In the entries below, find the line containing "TT Wellingtons Bold Italic image" and the line containing "StarTech.com C6ASPAT6AQ Cat6a". Copy those two lines and everything between them exactly, without the pictures.

#### Records provided

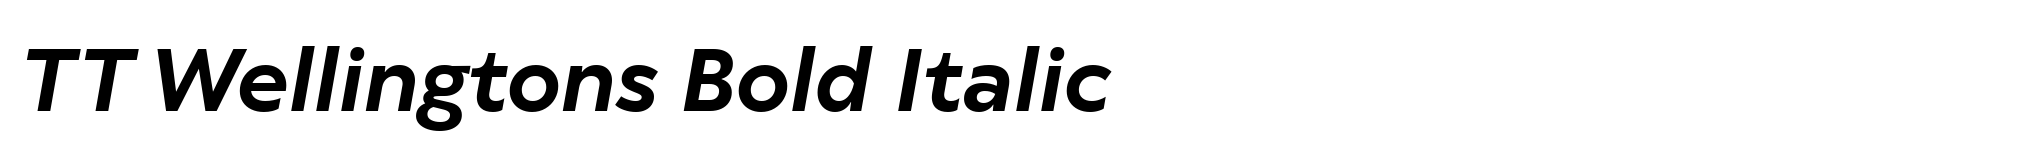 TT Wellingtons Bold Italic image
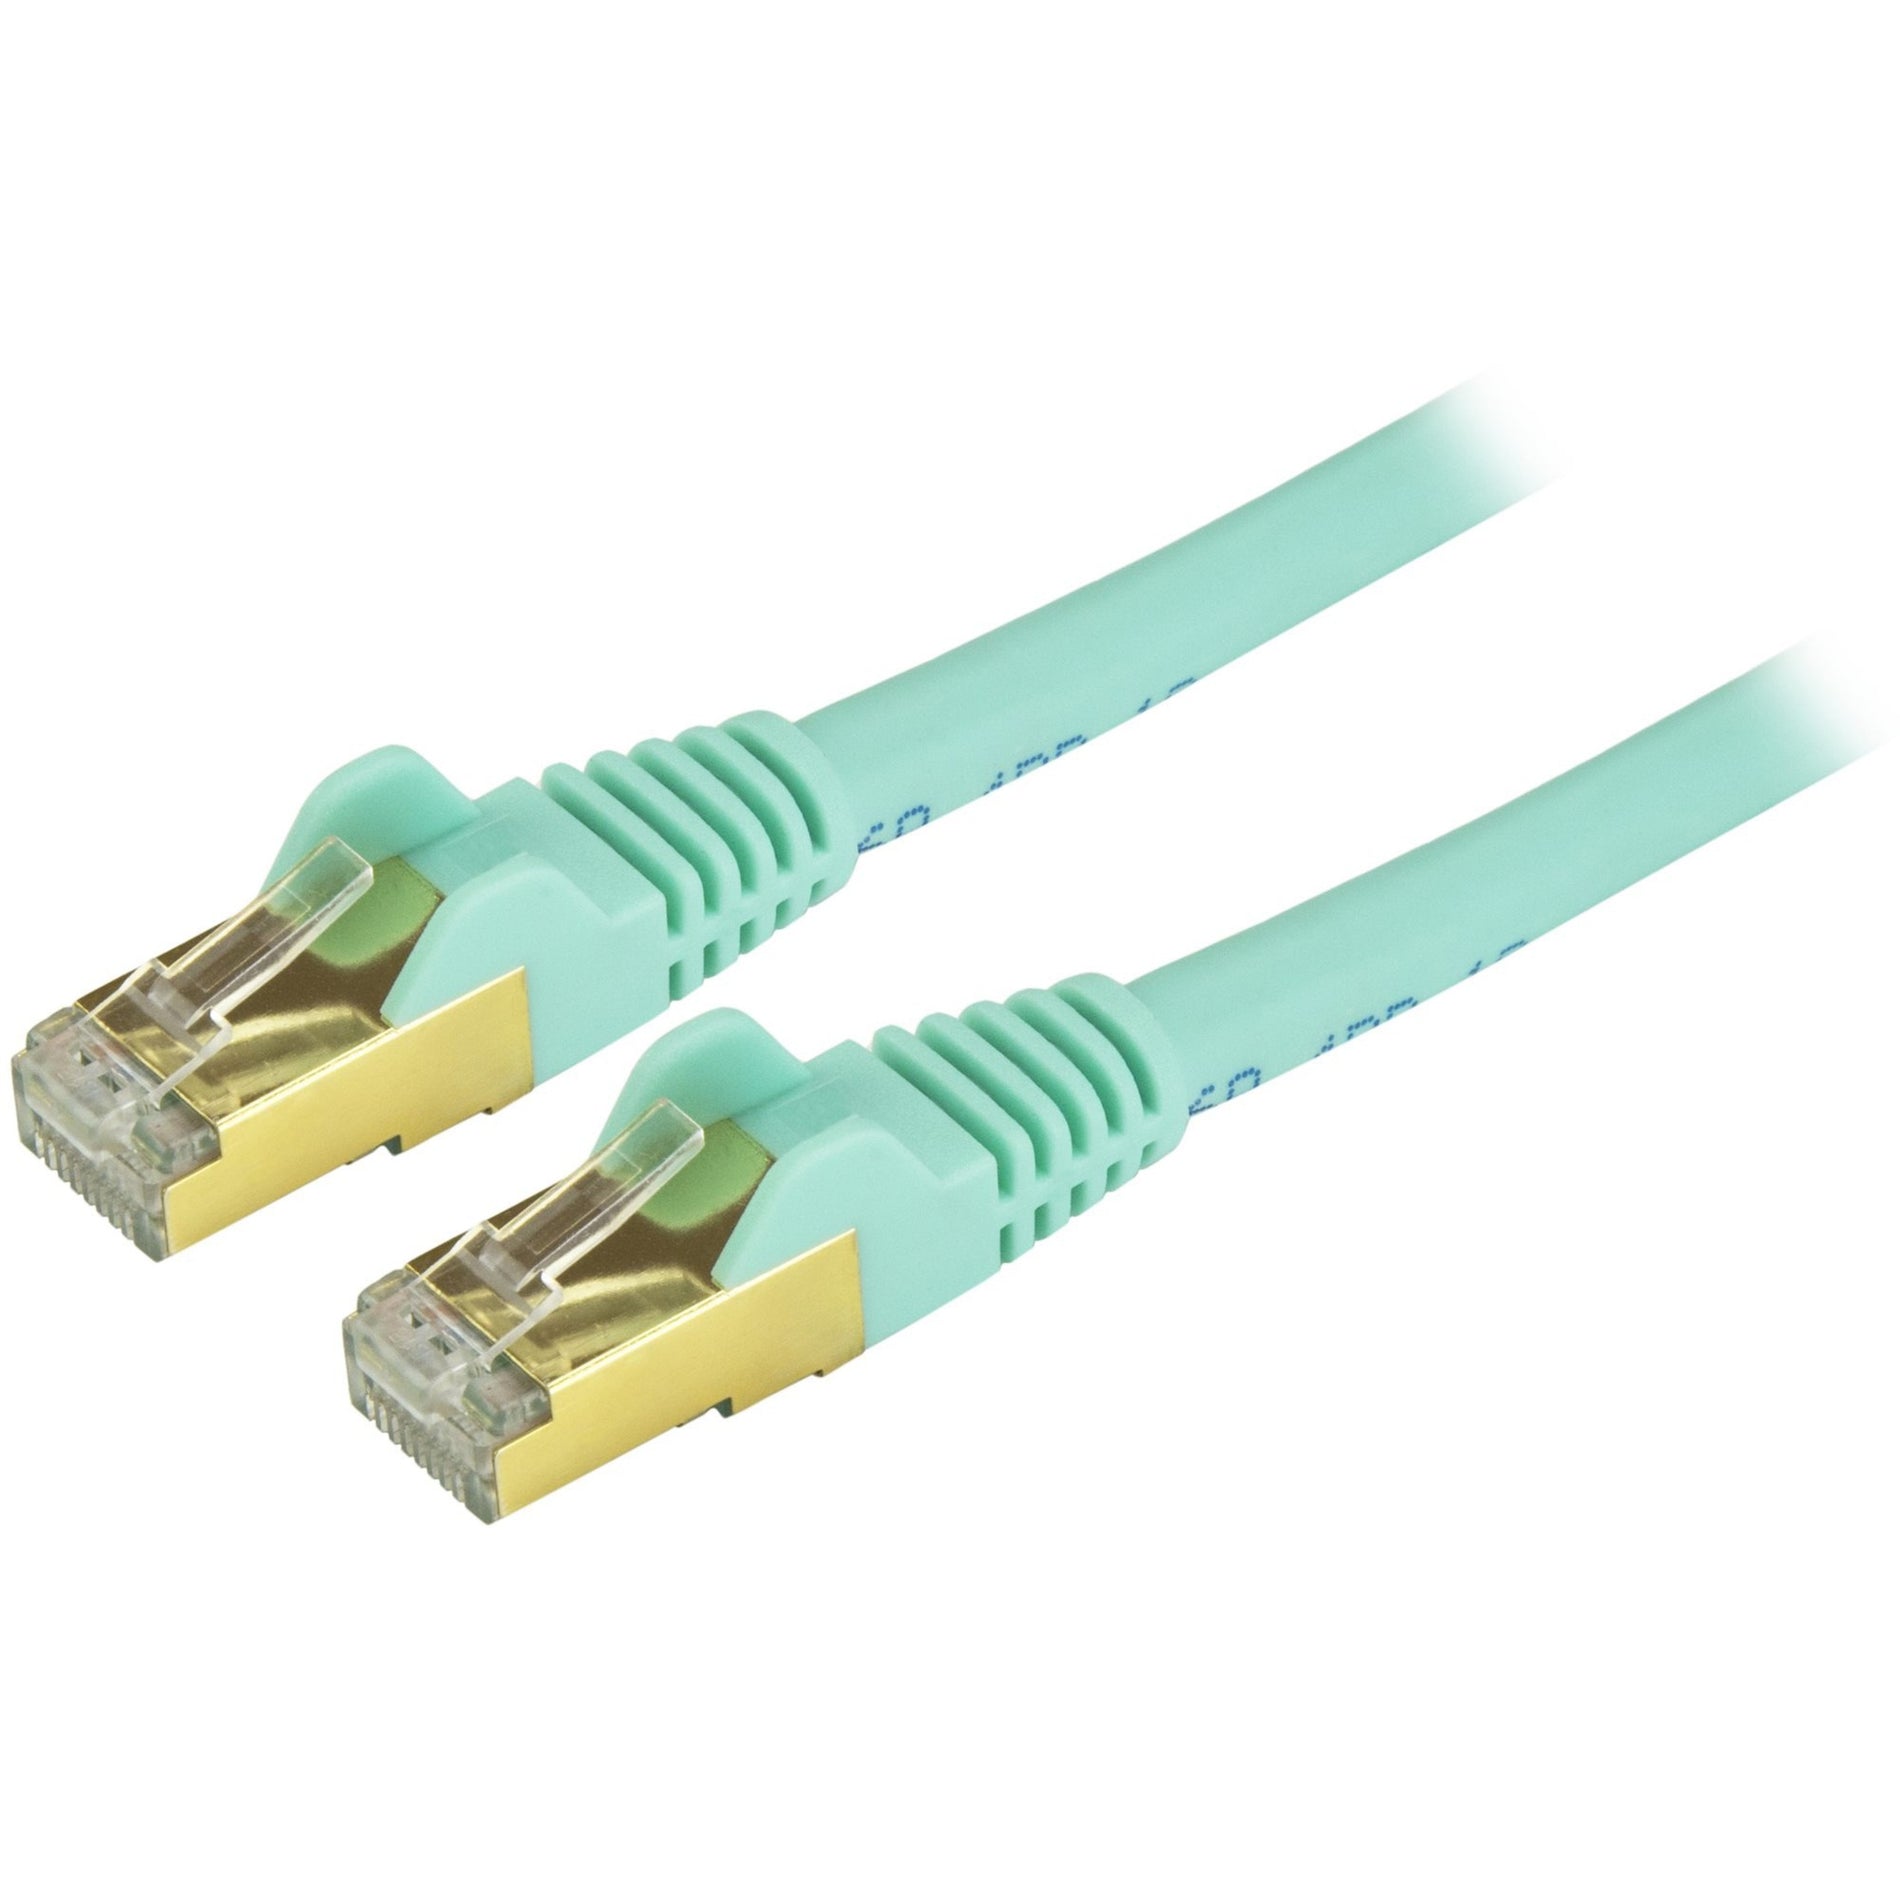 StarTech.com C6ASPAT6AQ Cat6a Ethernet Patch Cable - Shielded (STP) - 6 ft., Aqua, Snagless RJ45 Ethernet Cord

########
#### Records provided

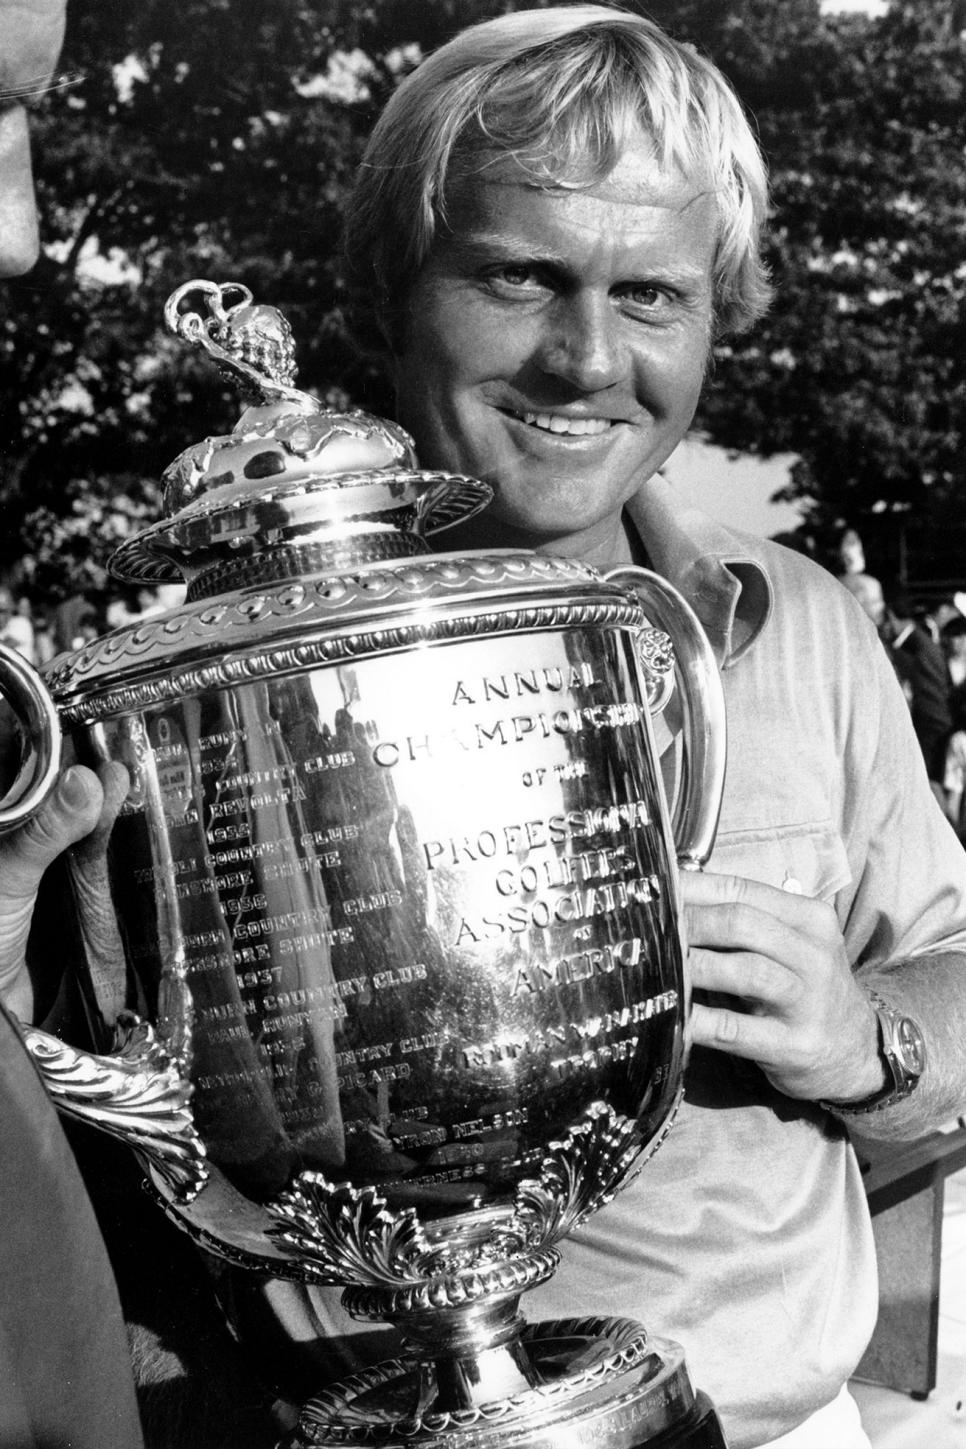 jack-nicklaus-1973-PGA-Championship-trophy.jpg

########

# Written response:
 TT Wellingtons Bold Italic image
 StarTech.com C6ASPAT6AQ Cat6a Ethernet Patch Cable - Shielded (STP) - 6 ft., Aqua, Snagless RJ45 Ethernet Cord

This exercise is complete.